## Activity:
Write out word for word the lines from the one holding "Electrical Systems Newport Beach" through the end of the data, and only those lines. Pictures stay out.

## Raw data:
>>>>>

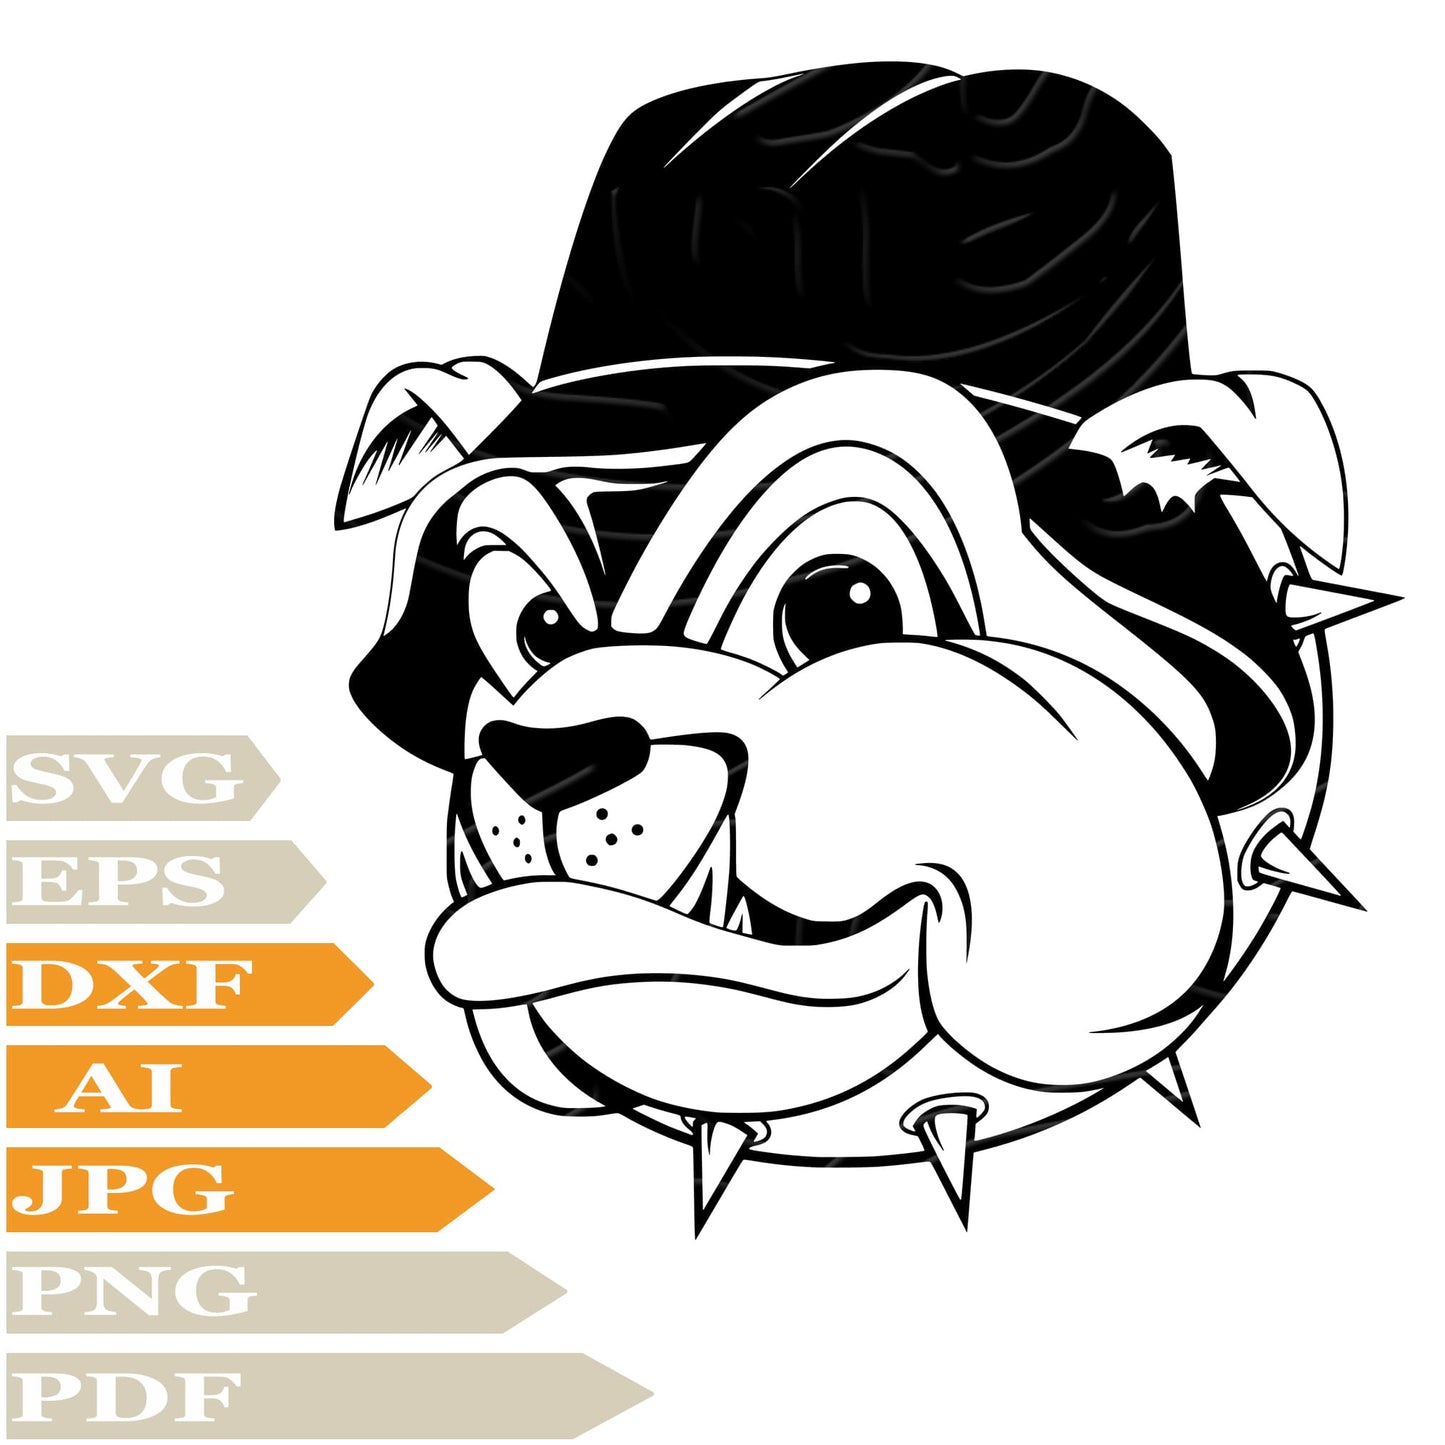 Bulldog SVG, Angry Bulldog SVG Design, Bulldog With Hat Vector Graphics, For Cricut, For Tattoo, Clip Art, Cut File, T-Shirts, Silhouette, All Available
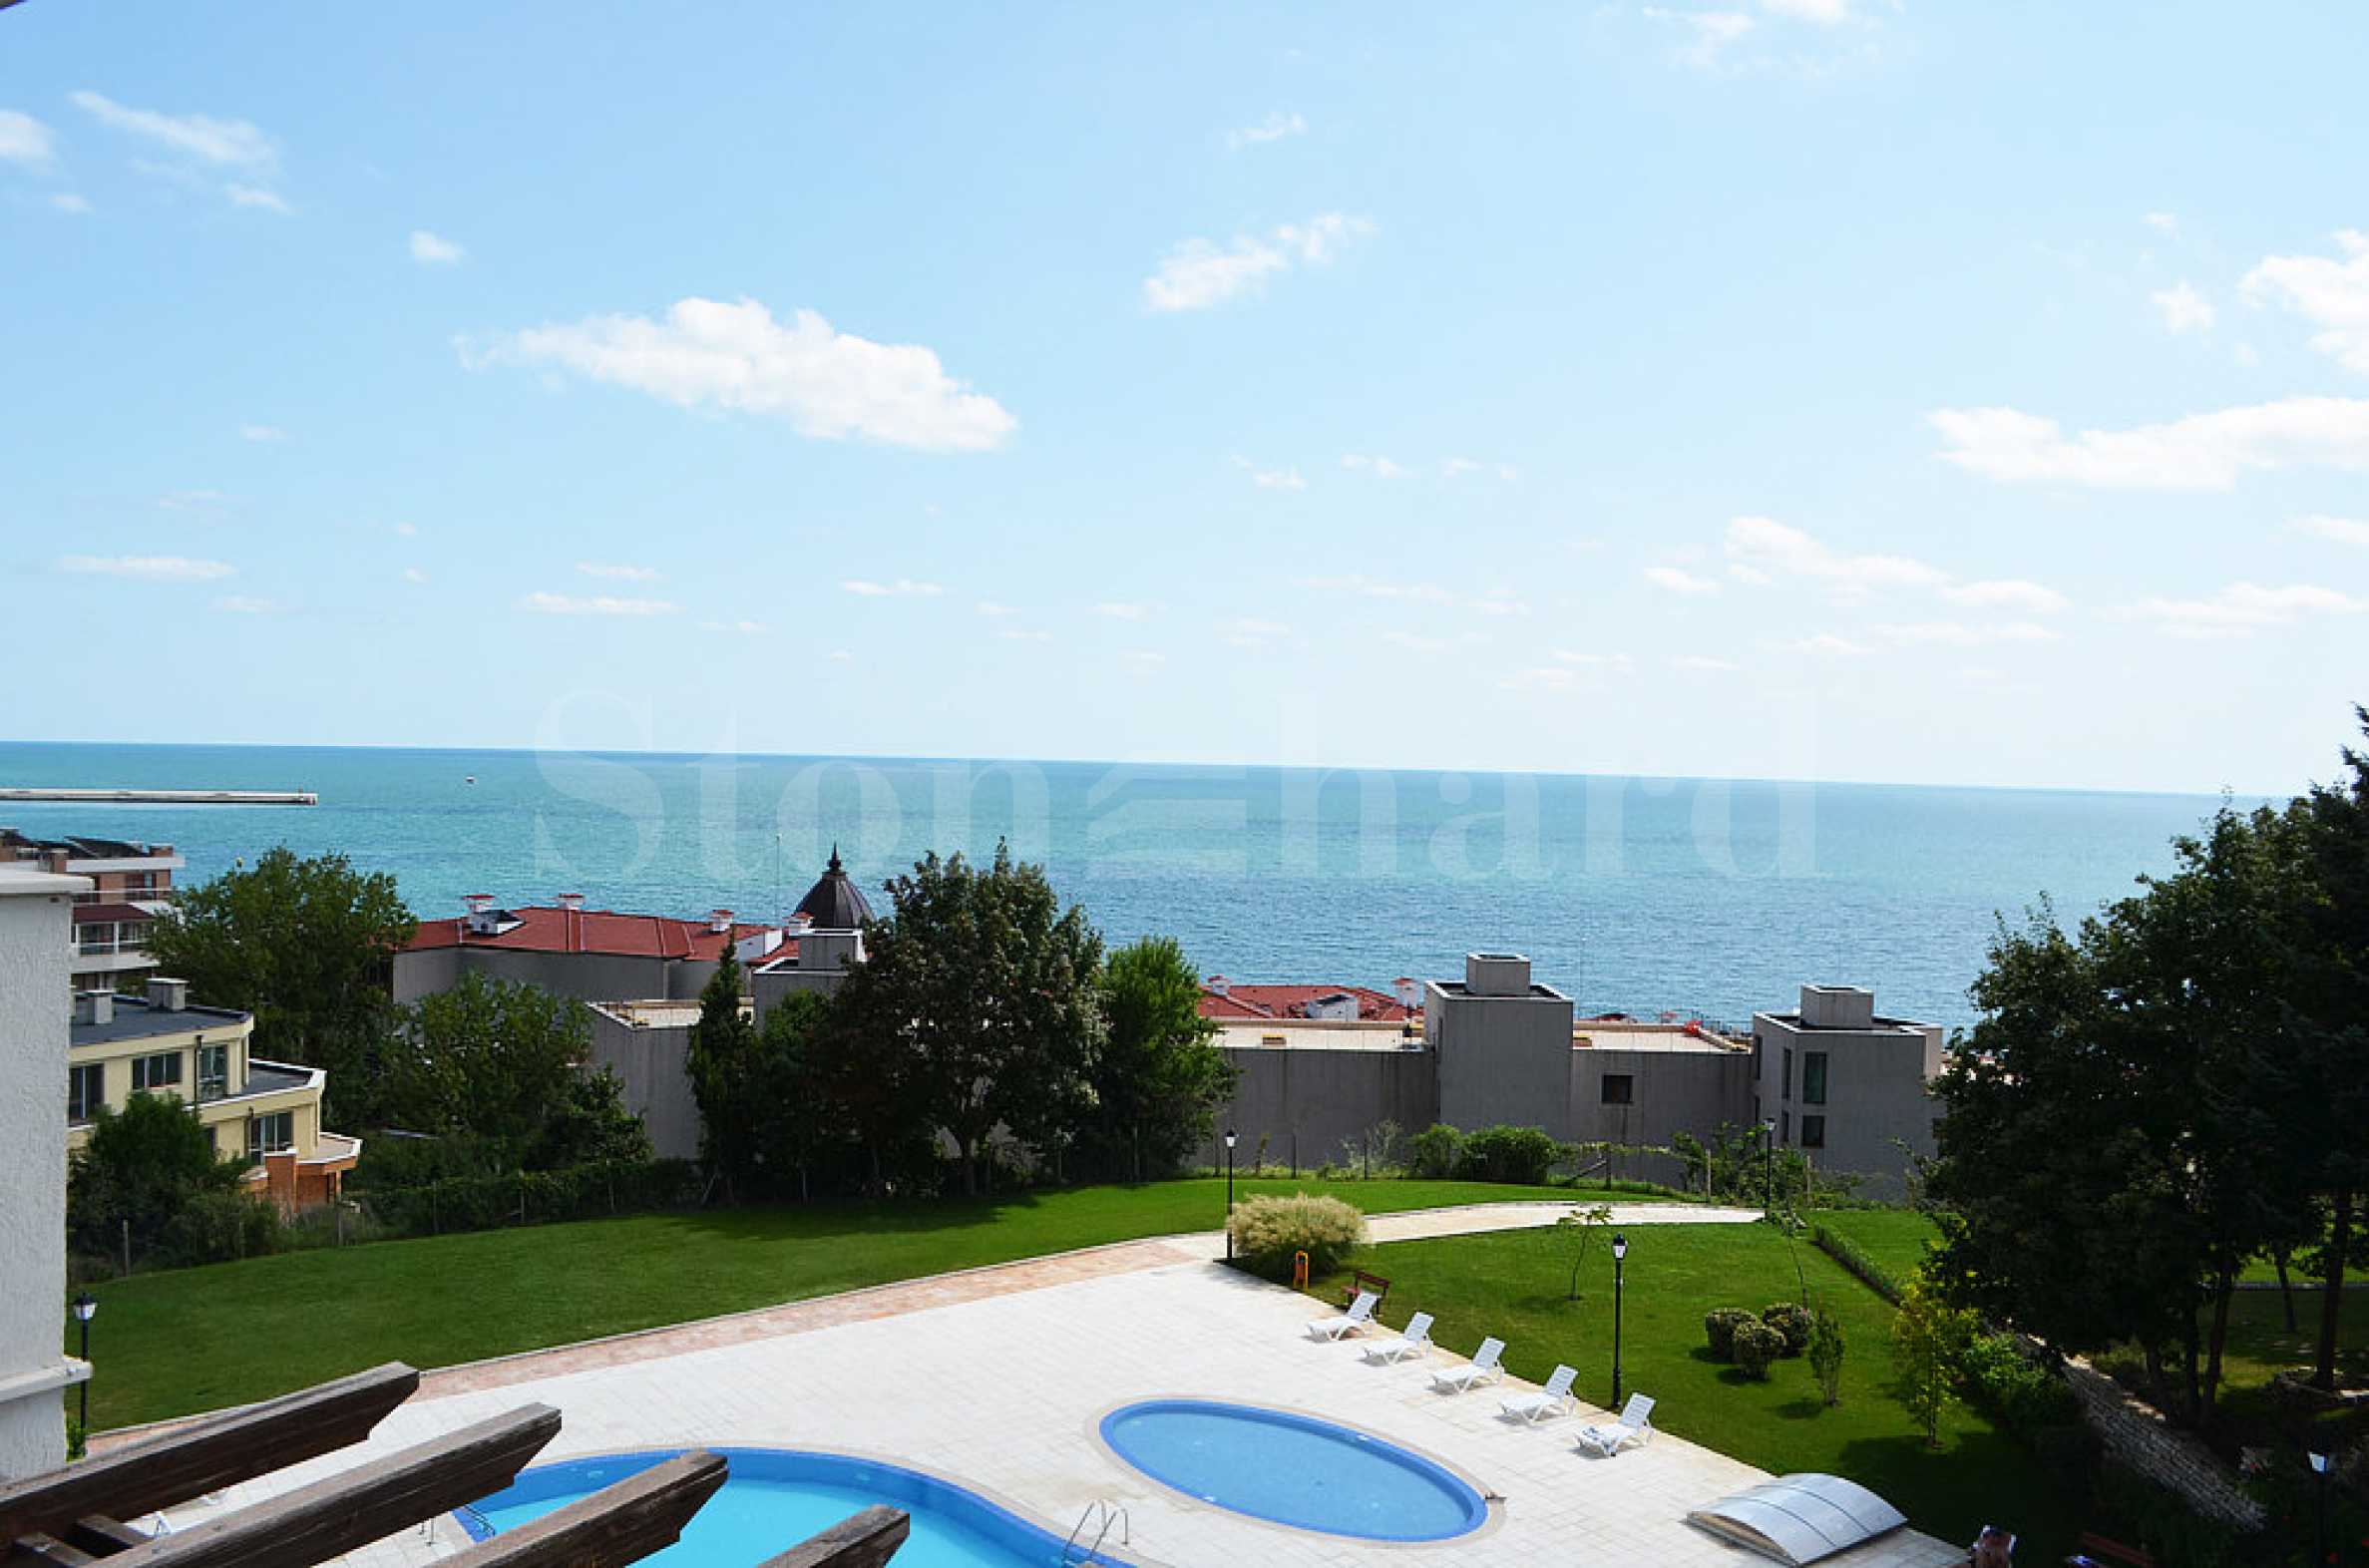 New apartments in a luxury complex in a picturesque seaside area 2 - Stonehard
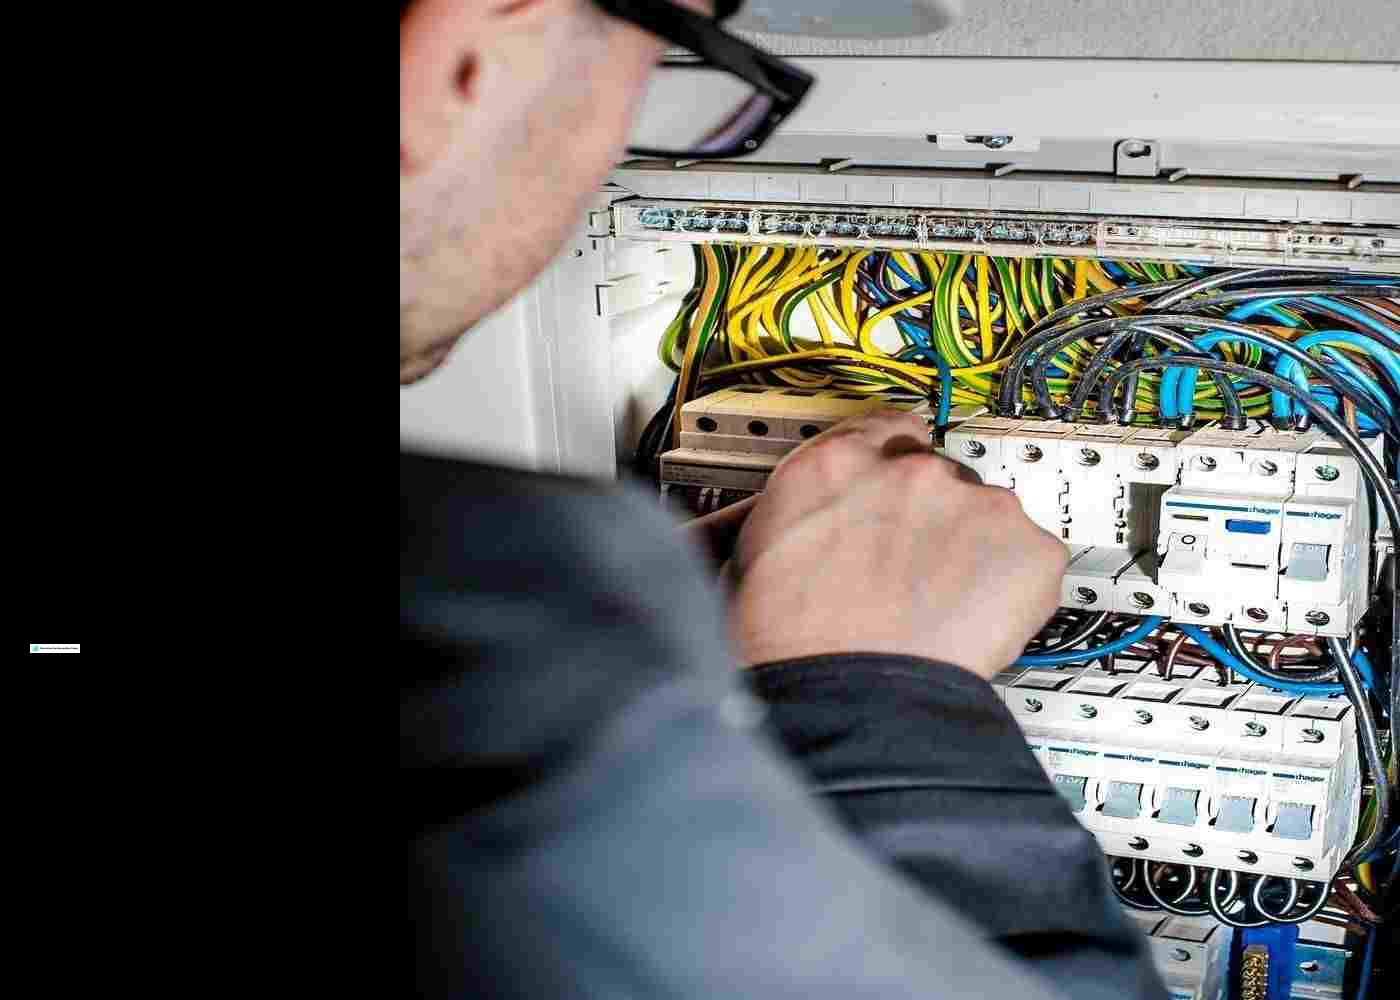 Electrical Systems Newport Beach
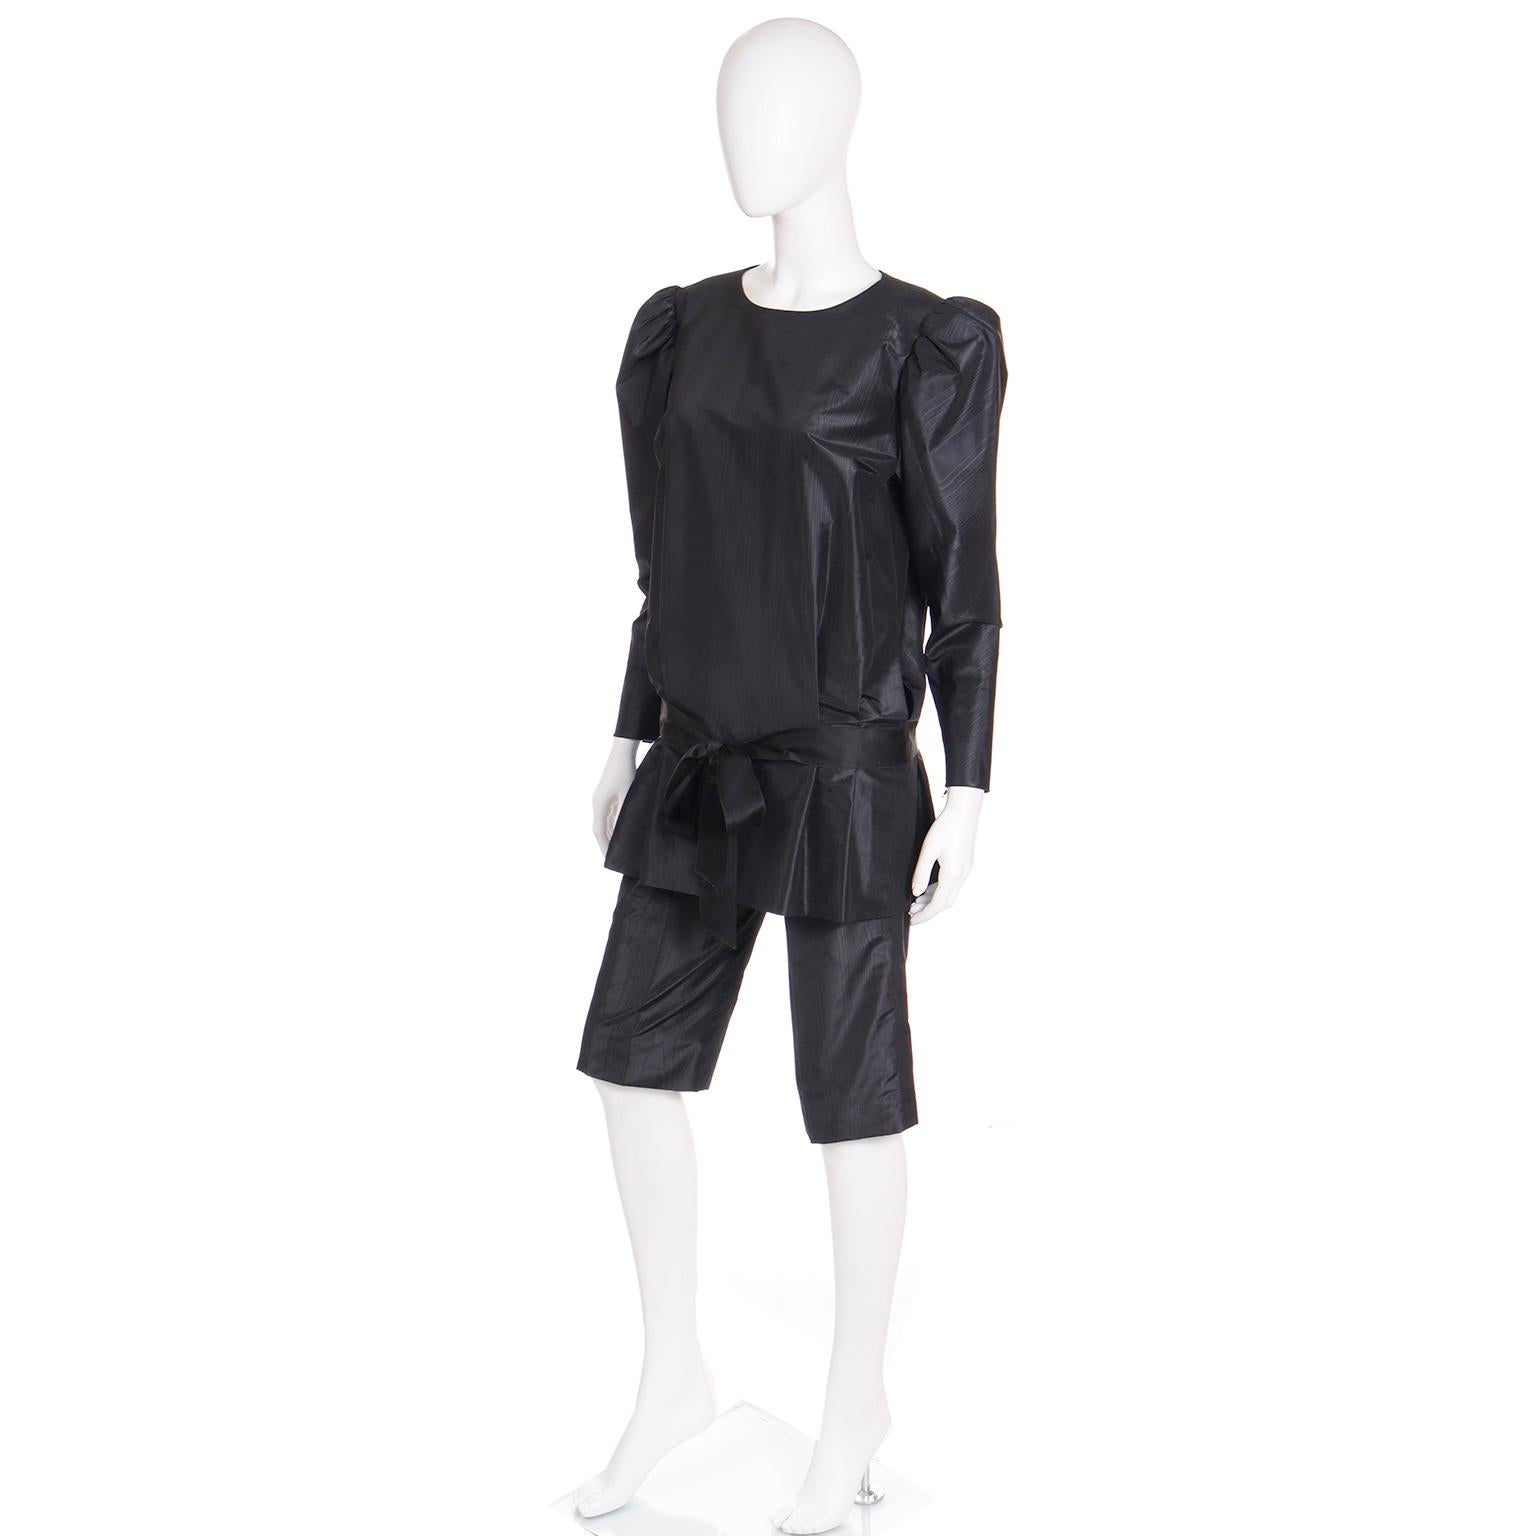 Givenchy Haute Couture Vintage 1980s Black Satin Shorts & Top Outfit 2

<<<<<

## Exercise answer:
 Electrical Systems Newport Beach
 Givenchy Haute Couture Vintage 1980s Black Satin Shorts & Top Outfit 2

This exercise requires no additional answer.